A promising technique to directly visualize the glycocalyx in larger vessels, both ex vivo and in vivo, is two-photon laser scanning microscopy (TPLSM). TPLSM depends on excitation of a fluorophore by simultaneous uptake (i.e., within 10−18 s) of two red photons, instead of one blue photon as in conventional fluorescence excitation. The use of long wavelength red photons reduces scattering, and hence, increases penetration depth into tissue. Excitation of the fluorophore and consequent fluorescence only occurs at the focal point of the illumination cone, as the probability of two-photon excitation depends on the squared intensity of the excitatory photons. Any light received by the photomultipliers has to originate from the focal position, so scattering of the emitted photons does not influence resolution and no pinholes are required. As a consequence, TPLSM offers good resolution and optical sectioning at reasonable acquisition speed, while bleaching and phototoxicity of the dyes is limited to the focal position. The combination of enhanced penetration depth, good resolution, optical sectioning, and low phototoxicity makes TPLSM a suitable technique to visualize the delicate endothelial glycocalyx in larger vessels. This idea was confirmed by a recent study by Megens and colleagues [67] in which the endothelial glycocalyx was imaged with TPLSM in intact mouse carotid arteries (Fig. 2c); the glycocalyx thickness was found to be 4.5 ± 1.0 μm. As TPLSM is also applicable in vivo in rodents [127], it might prove to be a good approach of in vivo visualization of the glycocalyx in the macrocirculation of these animals.

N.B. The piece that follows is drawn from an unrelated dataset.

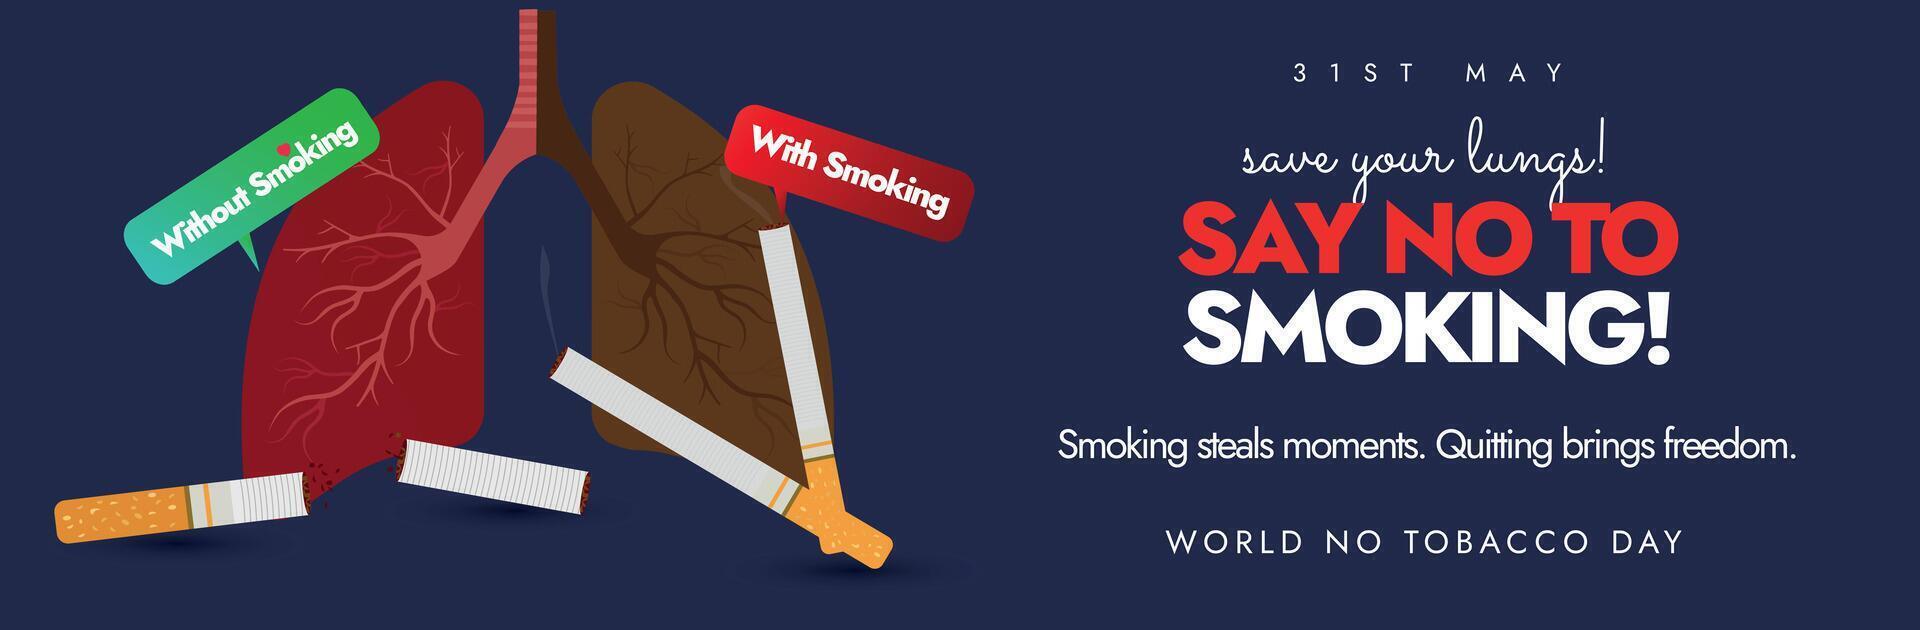 Welt Nein Tabak Tag. 31 kann Welt Nein Tabak Tag Startseite Banner, Post mit Innerhalb Aussicht von Lunge zeigen das Unterschied zwischen Raucher Lunge, nicht Raucher gesund Lunge. sagen Nein zu Rauchen konzeptionelle Banner. vektor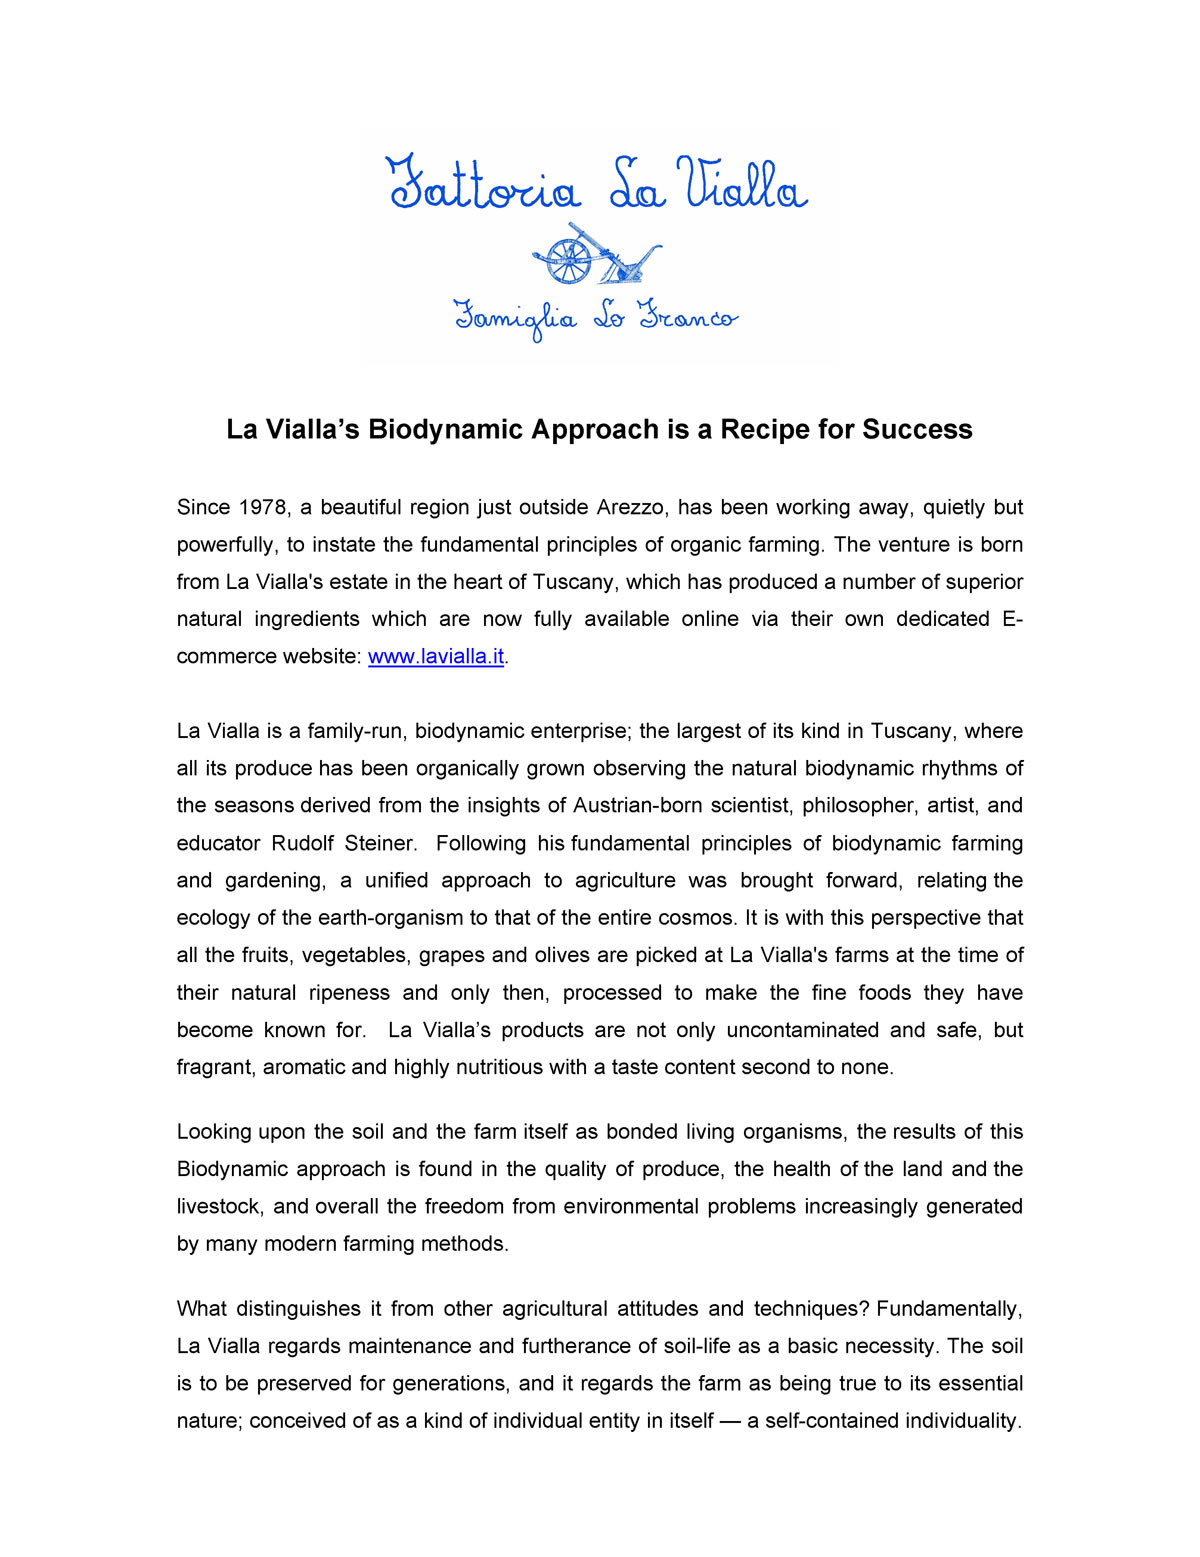 La Vialla's culture ~ a Recipe for Success_Page_1

Overlying the vascular endothelium, the glycocalyx is a membrane-bound mesh in which plasma-derived molecules integrate. It exerts a variety of functions, important in normal vascular physiology and also in vascular disease. Although data from experiments in microcirculation, and more recently, in macrocirculation strongly suggests a vasculoprotective role for the glycocalyx, research on this subject is hampered by lack of a good visualization technique. Two-photon laser scanning microscopy may prove to be a successful tool in achieving direct visualization of the glycocalyx in larger arteries in rodents, both ex vivo and in vivo, with the possibility to analyze focal variations in the composition or integrity of this layer.